Hi all, this is Mica;

Since the release of the FriendOS demo, there’ve been serious concerns going around about me. Namely, allegations of me being a groomer, predator, sex pest, etc. These are valid concerns worth addressing, and they are verifiably false.

This first came to my attention when someone reposted an old document I made on Bluesky:

Public accusation on Bluesky

I appreciate that people are willing to publicize concerns like this, because predators do warrant ostracization. But “guilty until proven innocent” is an irresponsible mindset, and this post is very guilty of it.

  1. First, I’ve never crossed state lines to visit a minor, ew?? This is a really gross lie, possibly made to grab people’s attention. It’s disturbing that someone would make up something like this, especially saying that I “self-admitted” to it, and exists nowhere in the attached document.
  2. The document they included is… about me detailing how I was abused by my ex in a relationship from about four years ago.

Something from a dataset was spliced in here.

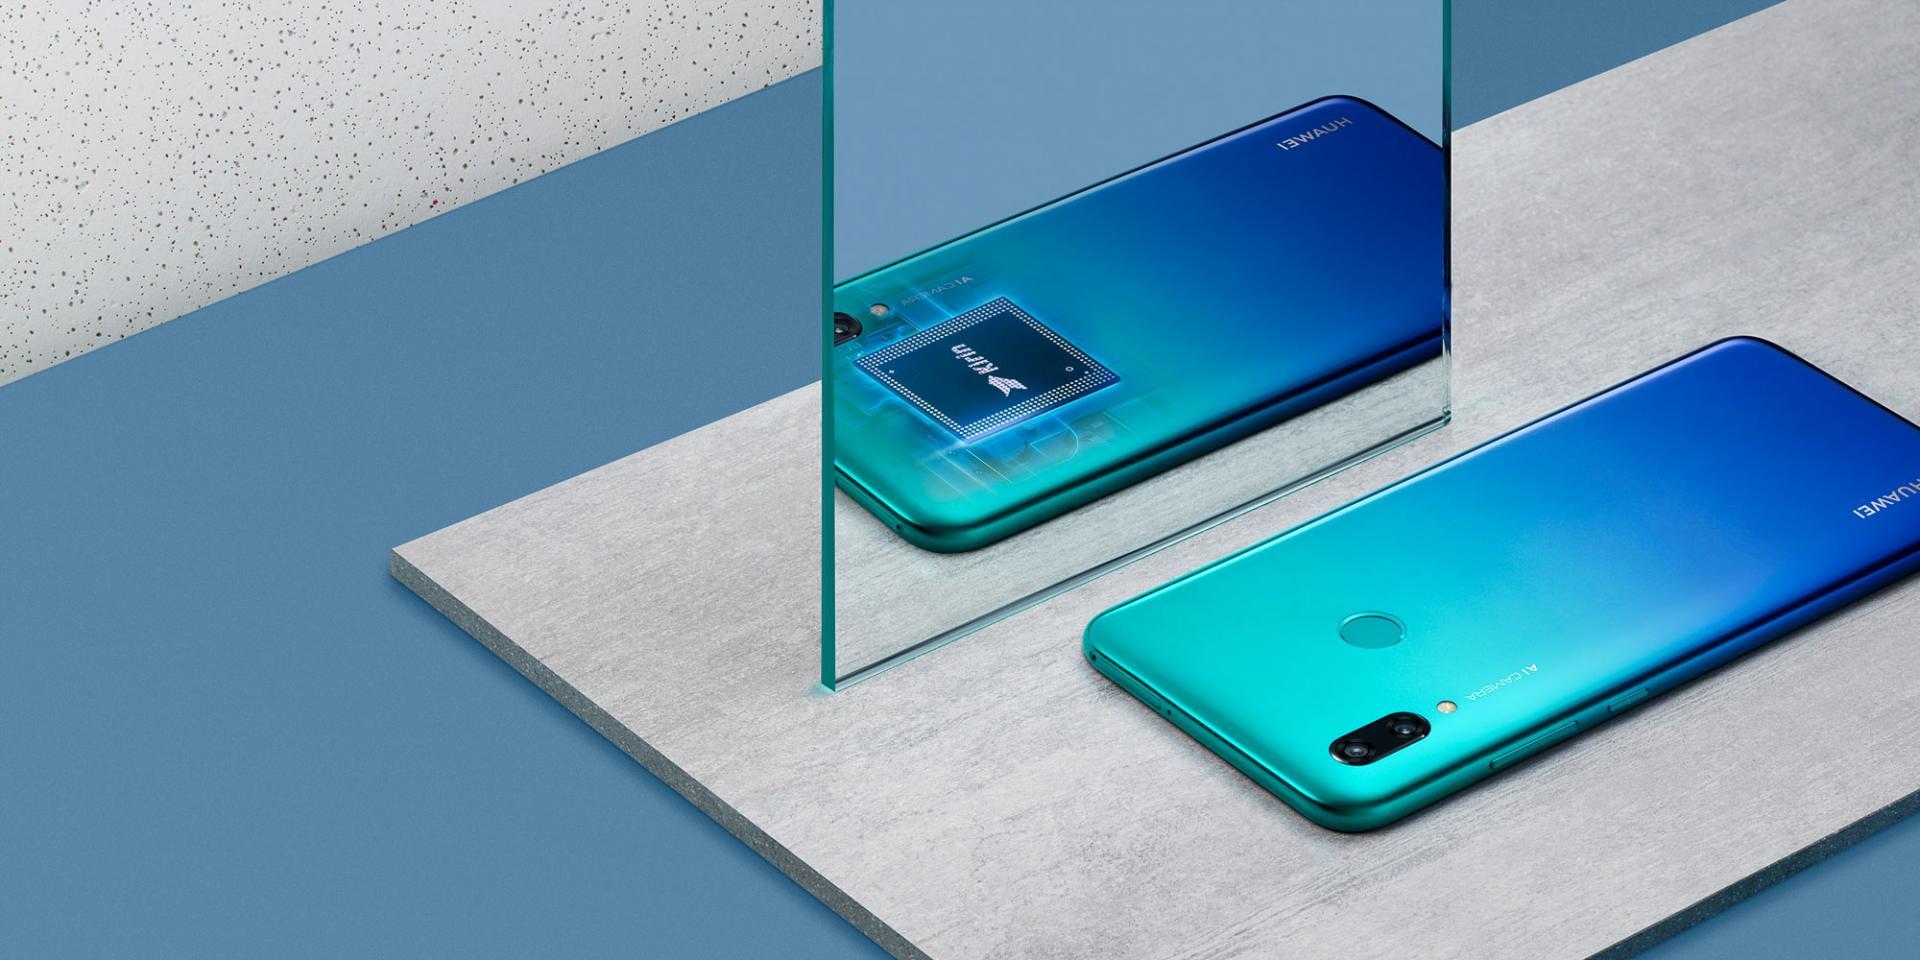 Huawei PSmart 2019 скоро появится впродаже за14770 рублей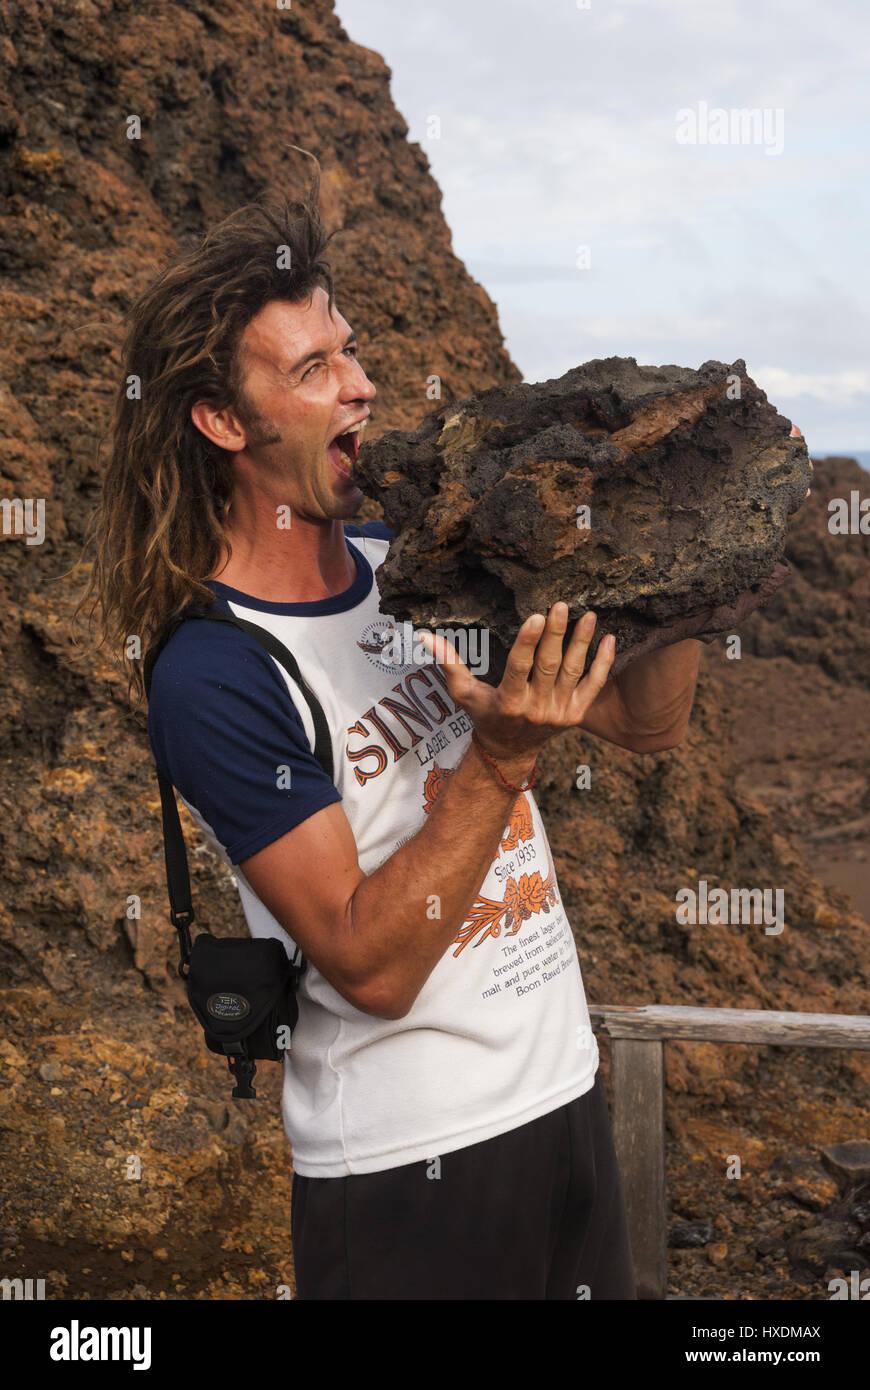 Ecuador, Galapagos, Bartolome island, Visitor with feather-light pumice boulder - Stock Image

This post’s headline is a major callout against me, but the document is actually in my defense? This leaves me worried that they didn’t actually source (let alone read) what they’re spreading.

In other words:

  1. There’s misinformation going around about me.
  2. It’s spread from people who don’t seem to read what I have to say for myself.
  3. It’s discussing dirty laundry from years ago.
  4. It’s timed right after I have a major project release.

This should concern you, because it feels like it’s deliberate bad-faith misinformation, which deserves further interrogation.


In general, the claims people make about me have been verifiably false for a long time, it’s just that nobody has actually ever cared about me being sexually abused. Here’s a huge document I wrote years ago that goes into more detail about it.

But, in case you aren’t interested in reading that, here’s some major points from it. Content warning for abuse:

This same ex is responsible for the original allegations being spread about me. Not only are their claims impossible to verify, but they have never been as severe as what they actually did to me.

The entire relationship was characterized by stripping me of options and consent, since they would threaten self-harm or threaten suicide whenever I ever did something they disliked. After I finally cut them out of my life, they took the things I said — the things I said in the interest of them not killing themselves — and used it to frame me as a predator.


That’s all I have to say.

I do want to emphasize that people’s concerns about me are valid, especially because I was never in the position (nor mental state) to ever respond to these claims properly in the first place.

I hold no ill will towards those who are spreading them now. Your heart is in the right place, and these things are really scary. But please know that the claims are flaky, not to mention completely unrepresentative of how I was four years ago, let alone now.

It’s been causing a lot of distress for me to have to deal with this again, thanks to people sensationalizing my trauma. I left my old community so I could move on, so leave me alone, please.

If you see anyone else that’s dubious of me and my past (and reasonably so!), could you do me a favor and link them this post? I would appreciate it, thank you.